From my IBM bonus this year we purchased Benjamin’s college ring and my new friend TED 5000. TED is short for The Energy Detective – a device that installs in the electrical box in your house to measure the electricity usage. After a bit of wrangling yesterday1 I was able to get it installed and working and can geekily report that as I type this, we’re using 0.258 kWh. A point in time measurement is interesting and can be somewhat useful (it was educational for instance when we turned on the oven last night and the usage jumped an entire kWh) but trending data is much valuable and TED does that too.
The TED Footprints interface is accessed directly from a browser on the local LAN which renders it less useful for showing others. Thankfully the TED 5000 works with Google PowerMeter so I can know how much electricity we’re using when I’m not even there. That takes geeking to a whole new level.2
Armed with TED and another new geeky tool called the Kill-A-Watt I’m getting a much better picture of where we’re using and wasting electricity. Benjamin just shakes his head and loves me anyway.
More data and revelations to come I’m sure.

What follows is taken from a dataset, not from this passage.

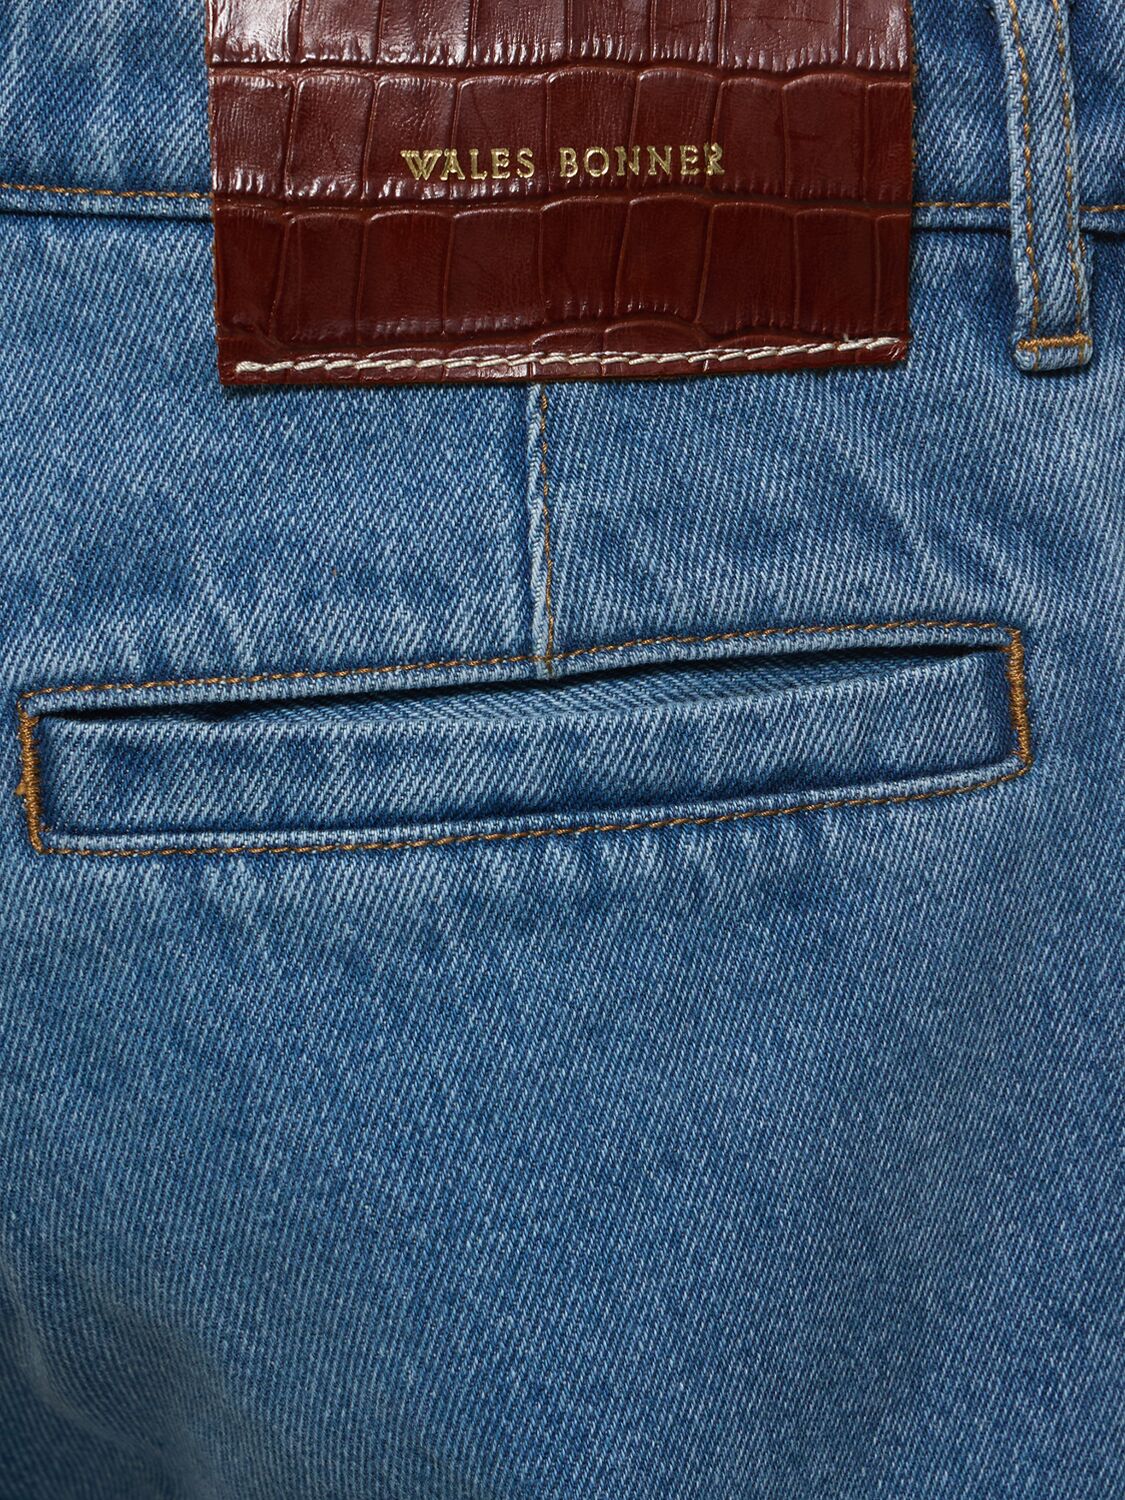 Shop Wales Bonner Eternity Cotton Denim Jeans In Light Blue

1 There are two pieces to the TED 5000: the MTU which sits in your electrical panel and the Gateway which plugs an electrical outlet and connects to your router. The MTU gathers the data and sends it to the Gateway using Power Line Communication (PLC). To do this the MTU connects to both A and B 120V sides of the power line so no matter which side the Gateway is plugged into, it can receive the PLC signal [aside: I’m probably using not-exactly-correct electrical terms here — there’s a reason I went Computer Science instead of Computer Engineering]. Unfortunately some devices, like UPSs, can obliterate the PLC signal if it’s on the same circuit. This was initially my problem as the most convenient outlet to plug the Gateway into was on the same circuit as the UPS for my computer. If I unplugged the UPS it worked great. If the UPS was plugged into wall, it stopped working. Drat. Thankfully the cables into our breakers are well labeled and I was able to locate an outlet in the basement that was on the A side not on the B side with my computer equipment. I plugged the Gateway into the A-side outlet, connected the MTU only to the breaker servicing that outlet and off we went.

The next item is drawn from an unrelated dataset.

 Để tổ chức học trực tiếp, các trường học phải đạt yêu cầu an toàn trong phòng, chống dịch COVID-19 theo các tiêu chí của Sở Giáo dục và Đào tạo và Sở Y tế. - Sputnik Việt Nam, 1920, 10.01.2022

2 Google’s too mainstream to be truly geeky. This takes us to a whole new level: the entire set of trending data is available through an API. Some folks have already developed some cool 3rd party apps, including an iPhone app. It should be pretty simple to develop a gnome-based applet that reports my real-time kWh usage via these APIs. More things to play with in my non-existent spare time!